Strona:PL Józef Ignacy Kraszewski-Chore dusze tom II 164.jpeg

Z Wikiźródeł, wolnej biblioteki
Ta strona została uwierzytelniona.

nic nie mówił, wykrzywiały się sarkazmem. Słynął z dowcipu, uganiano się za nim, bo wiedziano że jest bardzo bogaty, a czekały go większe jeszcze spadki. Ojciec mój cały rozgorzał tą myślą, aby mnie wydać za niego. Zaproszony w sąsiedztwo moich rodziców przez dalekich swych krewnych, zabawił kilka tygodni na Podolu i najjawniéj począł się starać o mnie.
„Im bliżéj go poznawałam, tém większy strach i wstręt obudzał we mnie. Nawet uczucie gwałtowne, jakie mi okazywał, miało w sobie cóś groźnego. Lecz ojciec ani chciał słuchać, gdy matka starała się przemawiać za mną. Kazano mi iść za hrabiego, który się oświadczył zbyt pośpiesznie, bez namysłu.

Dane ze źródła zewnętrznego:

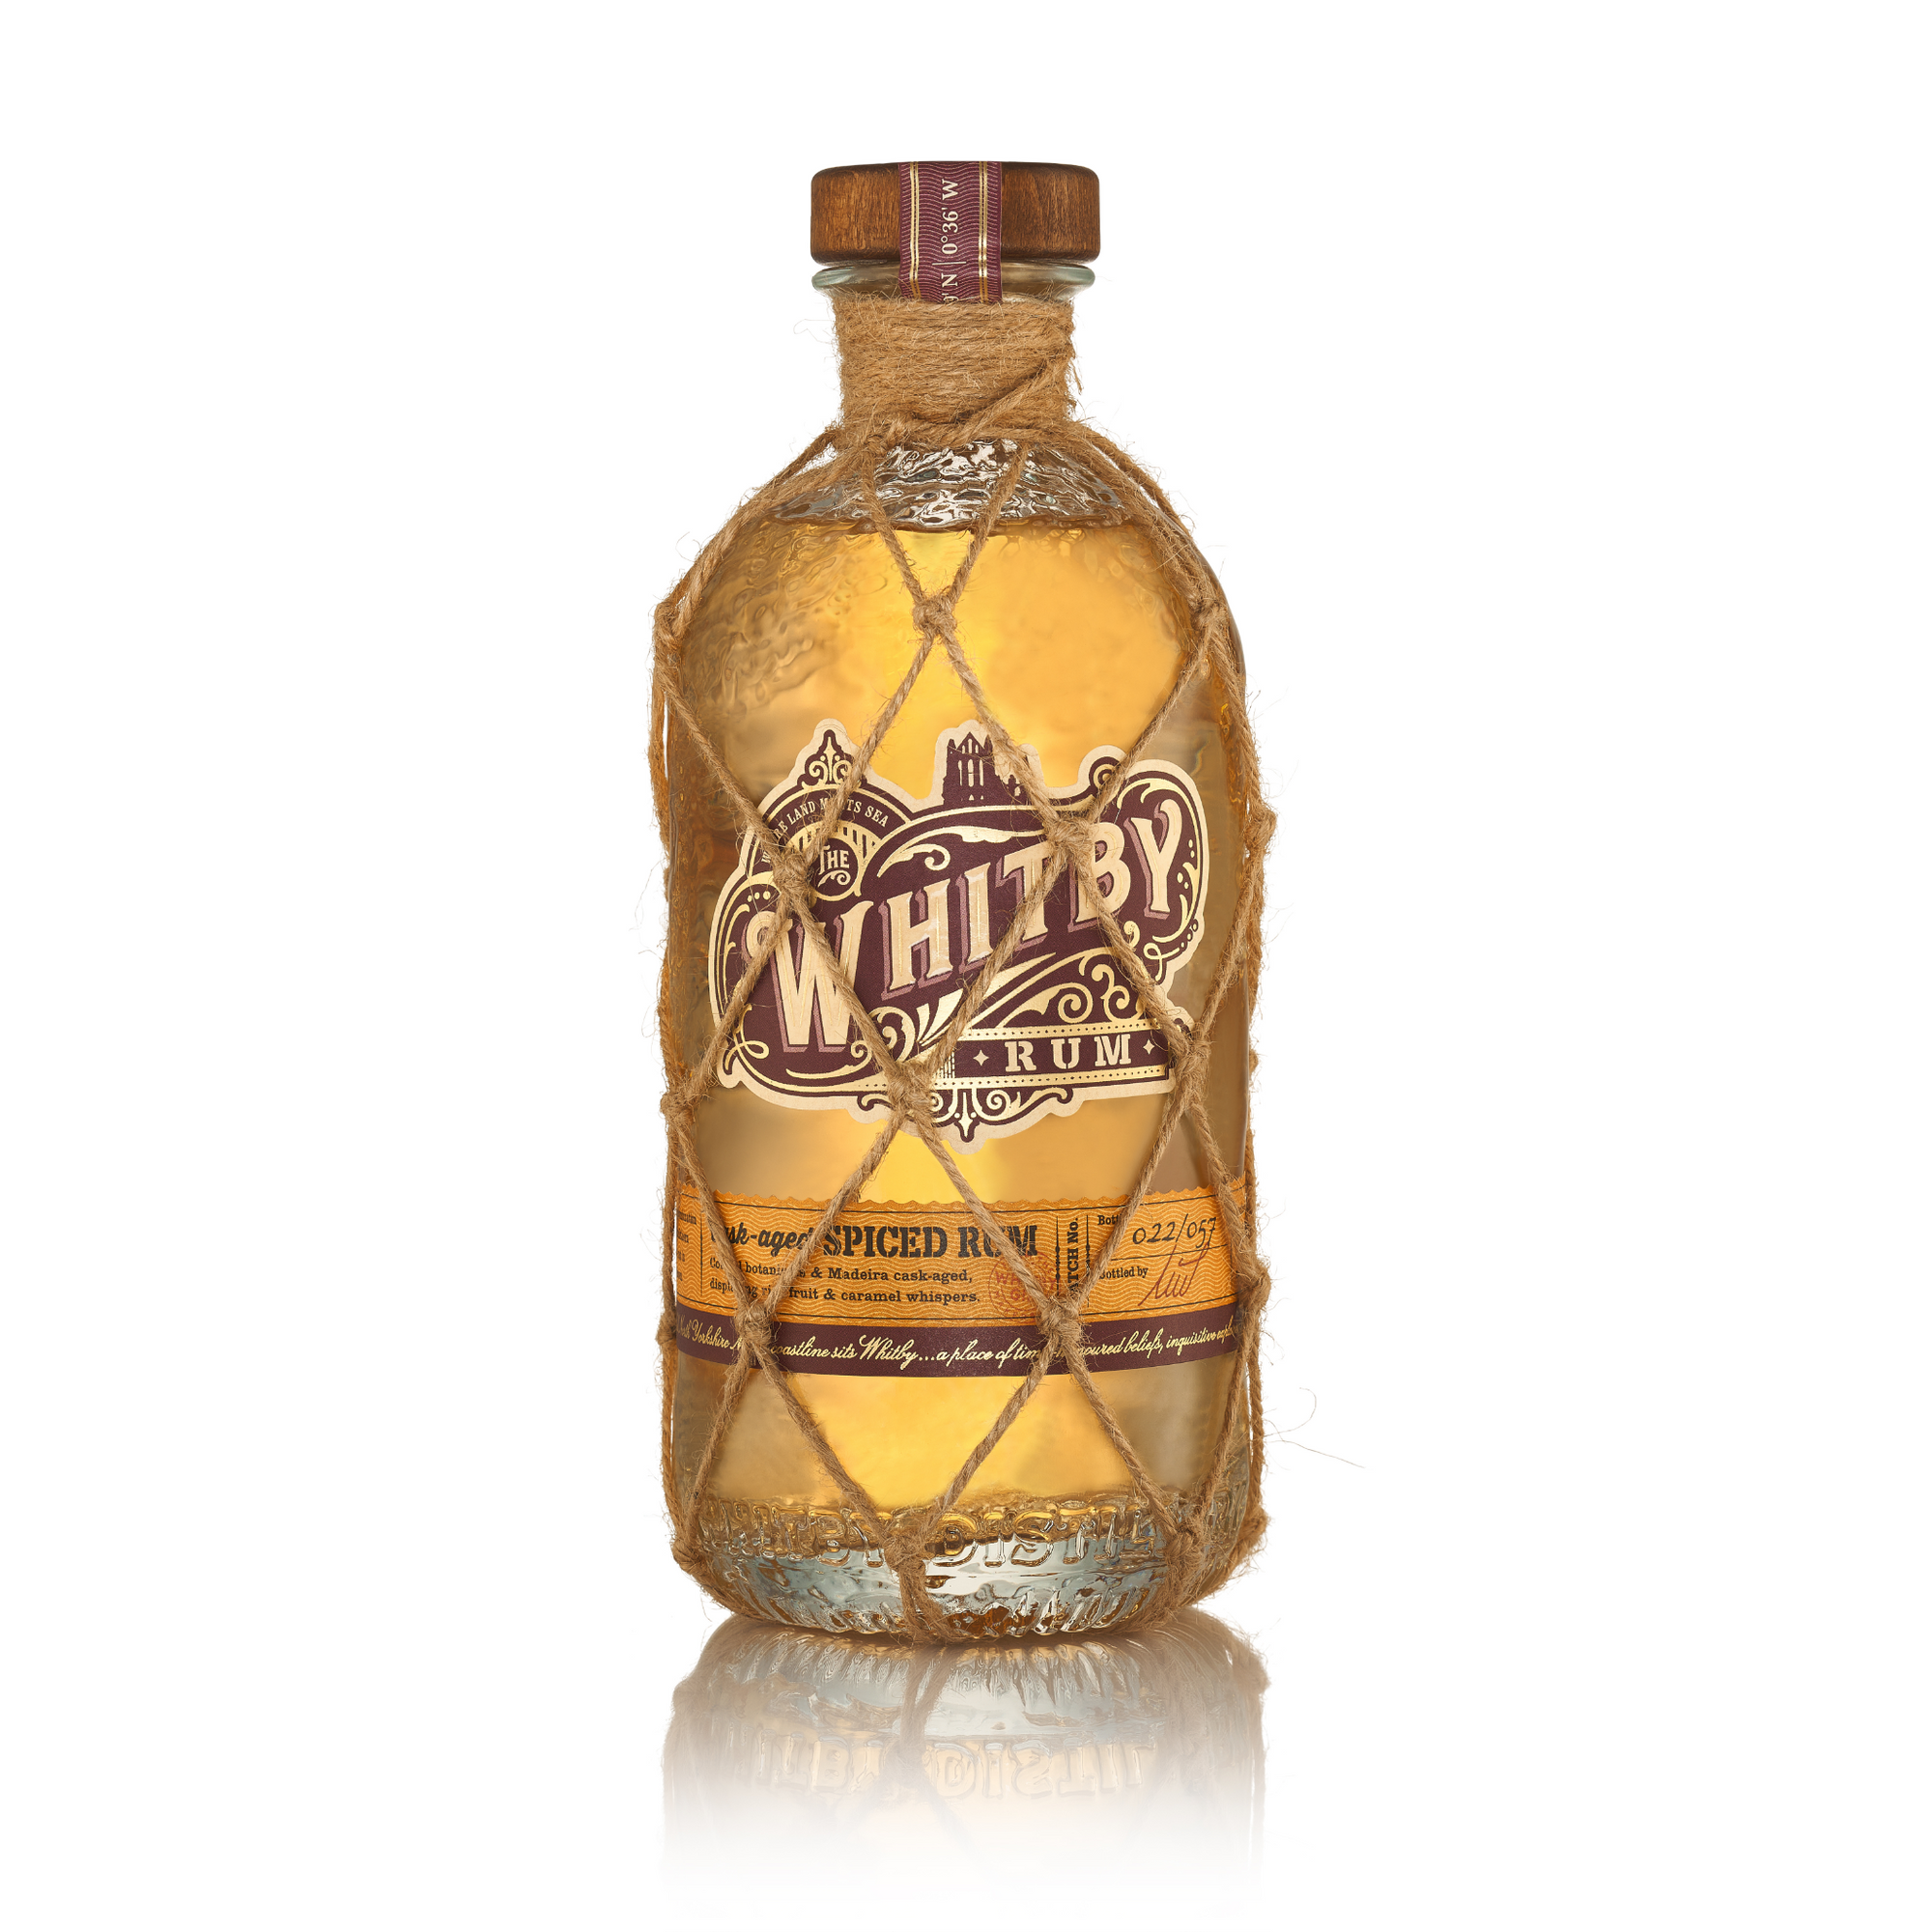 Whitby Rum

„Ojciec nietylko nakazywał, ale zaklinał mnie i prosił, abym wyszła za niego; musiałam mu być posłuszną. Do wszystkich nieprzyjemnych wrażeń, które mnie od niego odstręczały, dodać muszę i to, że z rodzicami memi obchodził się tak, jakby czuć dawał że łaskę im czyni, biorąc ich córkę.
„Ślub odbył się prawie prywatnie, z pośpiechem jakimś, który mi przytomność odebrał. Tegoż samego wieczora pojechaliśmy na Wołyń. Mogę powiedziéć że od piérwszego dnia po ślubie rozpoczęła się walka między nami, w któréj ja, niedoświadczona, słaba, niepewna siebie, musiałam być zwyciężoną.